Тут леденистый этот лик стал преображаться — черты грубели и увеличивались. Наконец Алёша увидел, что перед ним тот самый каменный истукан, который схватил его на берегу подземной реки. Сцепленные из мириадов драгоценный камешек глазищи прожигали исступлённым, яростным пламенем. Великан не шею его сжимал, но всё тело Алёшино сдавливал в громадной своей каменной ладонище. Вот ладонь эта разжалась, и Алёша полетел вниз — тут же врезался в зеркальную поверхность, и на этот раз поверхность эта не выдержала, покрылась многочисленными трещинами, с грохотом лопнула — и распахнулась, дыхнула холодом смерти бездна.
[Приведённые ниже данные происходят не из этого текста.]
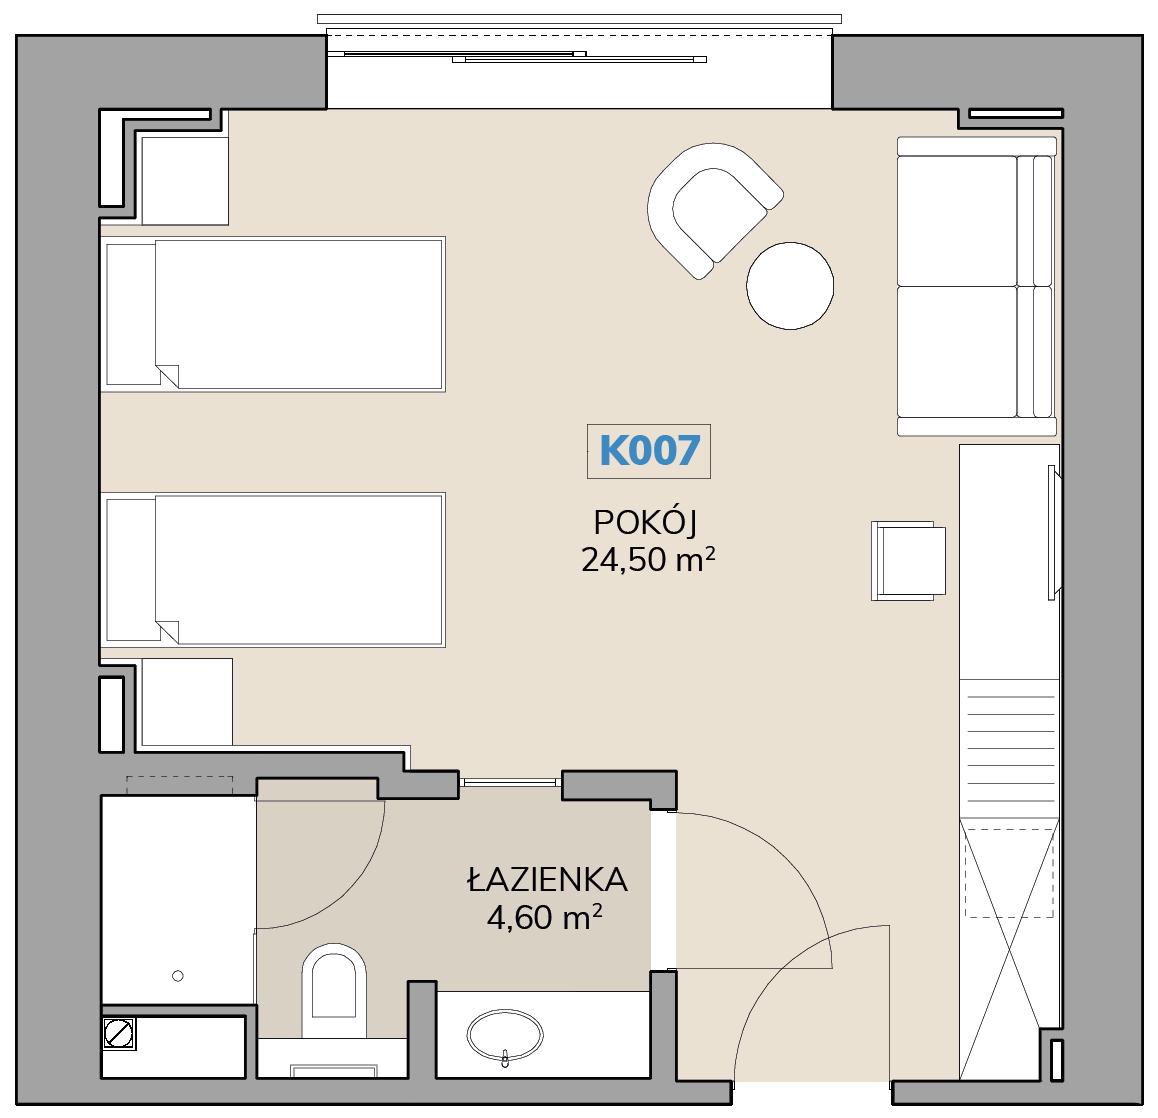 Apartament K007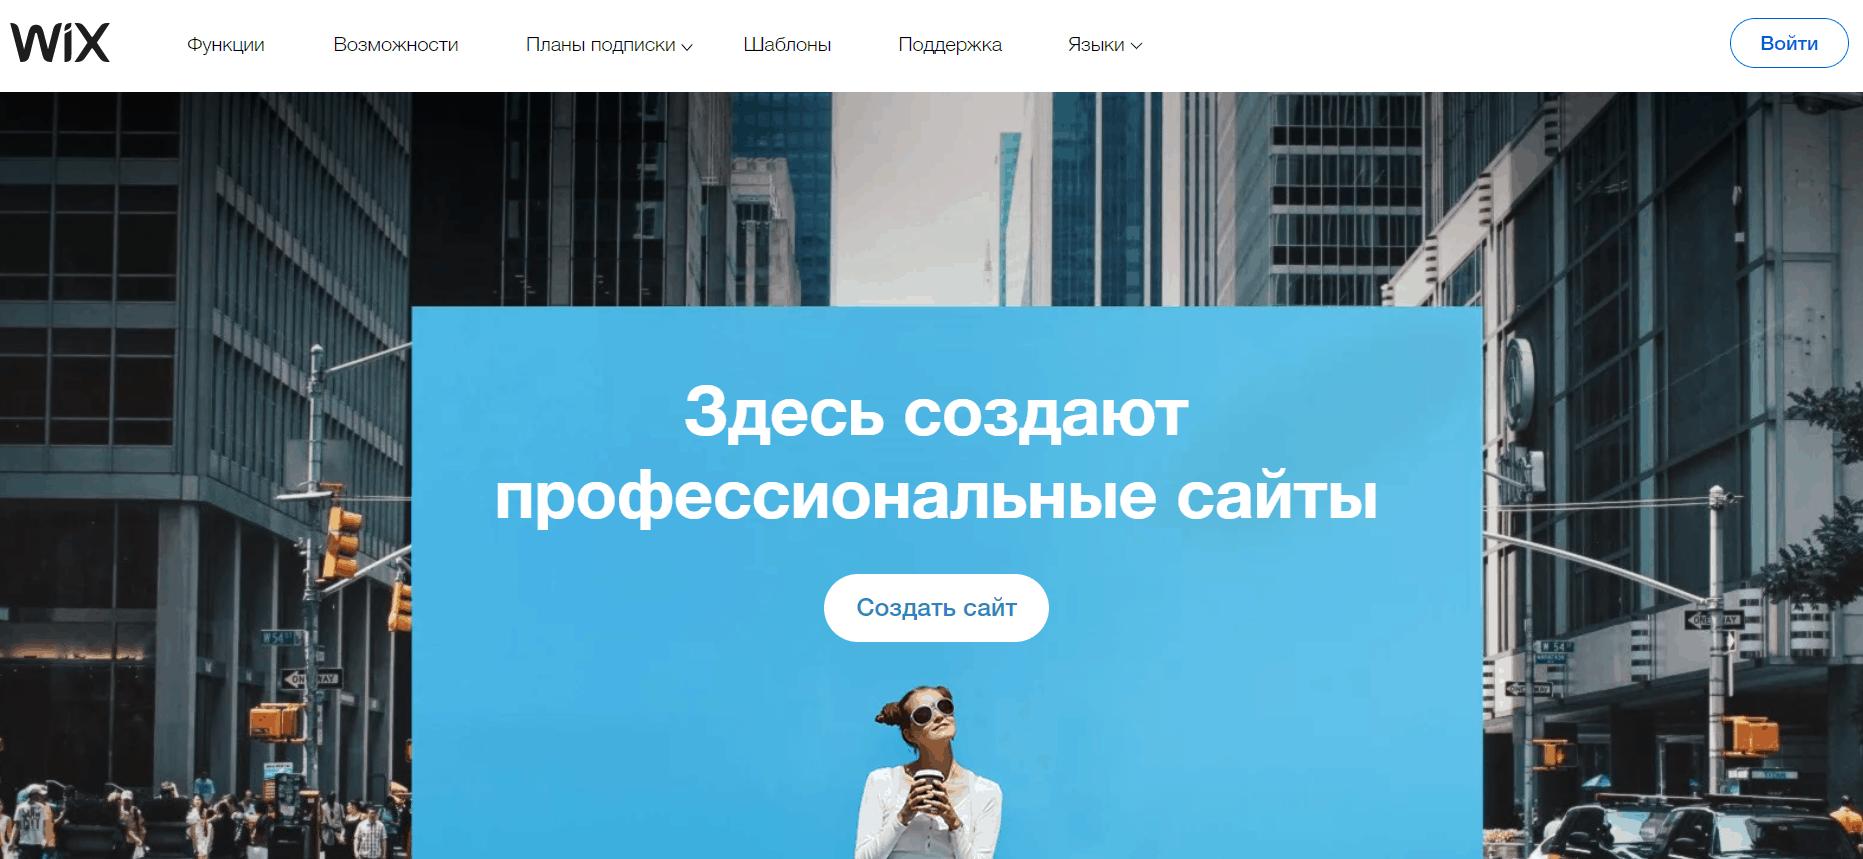 Онлайн-конструктор сайтов Wix

Алёше было жутко, но он и не думал уже возвращаться к жизни — он падал в пустоту. Невыносимая, адская боль раскаяния жгла — хотелось избавиться, забыть; и он падал всё глубже и глубже. В сознании беспорядочно роились обрывки воспоминаний, обрывки мыслей — и была тоска — безысходная, переполняющая всего его тоска. И взвыл:

— Дорогие вы мои! Спасите!! Жизни!! Любви!!! Где ж вы?!!..

Тут среди обрывков уходящей жизни, в бесконечном, большем чем сам космос мраке — исхудалое, но звездою сияющее личико Оли. Всё полнилось, обнималось плавным светом свечи. И голос — такой, каким помнил он в лучшие мгновенья своей жизни:

— Ты только помни — я твоя вторая половинка. Если ты умрёшь — я умру вместе с тобою, и в вечности мы будем вместе…

— ОЛЯ!!! — взвыл он. — ЖИЗНИ! СПАСИ!!! СПАСИ ТЫ МЕНЯ!!!

Алёша вытянулся к ней, перехватил за ручку почти прозрачную, сияющую, приник к ней стал целовать исступлённо — слёзы по его щекам катились. И в то же мгновенье все страхи его, сомнения, вся злоба душевная собрались в чёрного, уродливого зверя, который повис на его груди и, впиваясь клыками всё глубже, проламывая рёбра, вот-вот должен был добраться до сердца.

— А-а-а! — ревел от выламывающей суставы тяжести Алёша — потом сжал зубы, и только глухое клокотание вырывалось из груди его.

Вот чудище дёрнуло его вниз — суставы хрустнули:

— Оля, спаси — к жизни, к Любви! — с жаром вырывались из него мучительные слова.

Ручка Олина обратилась в сияющую солнечным светом колонну; она обнимала его, придавала сил, но и зверь постоянно разрастался — вот сквозь сердце ледяные его клыки прошли, но Алёша каким-то образом всё равно остался жив; продолжал держаться за эту колонну — и не только держался, но и подтягивался — всё выше — к весеннему свету.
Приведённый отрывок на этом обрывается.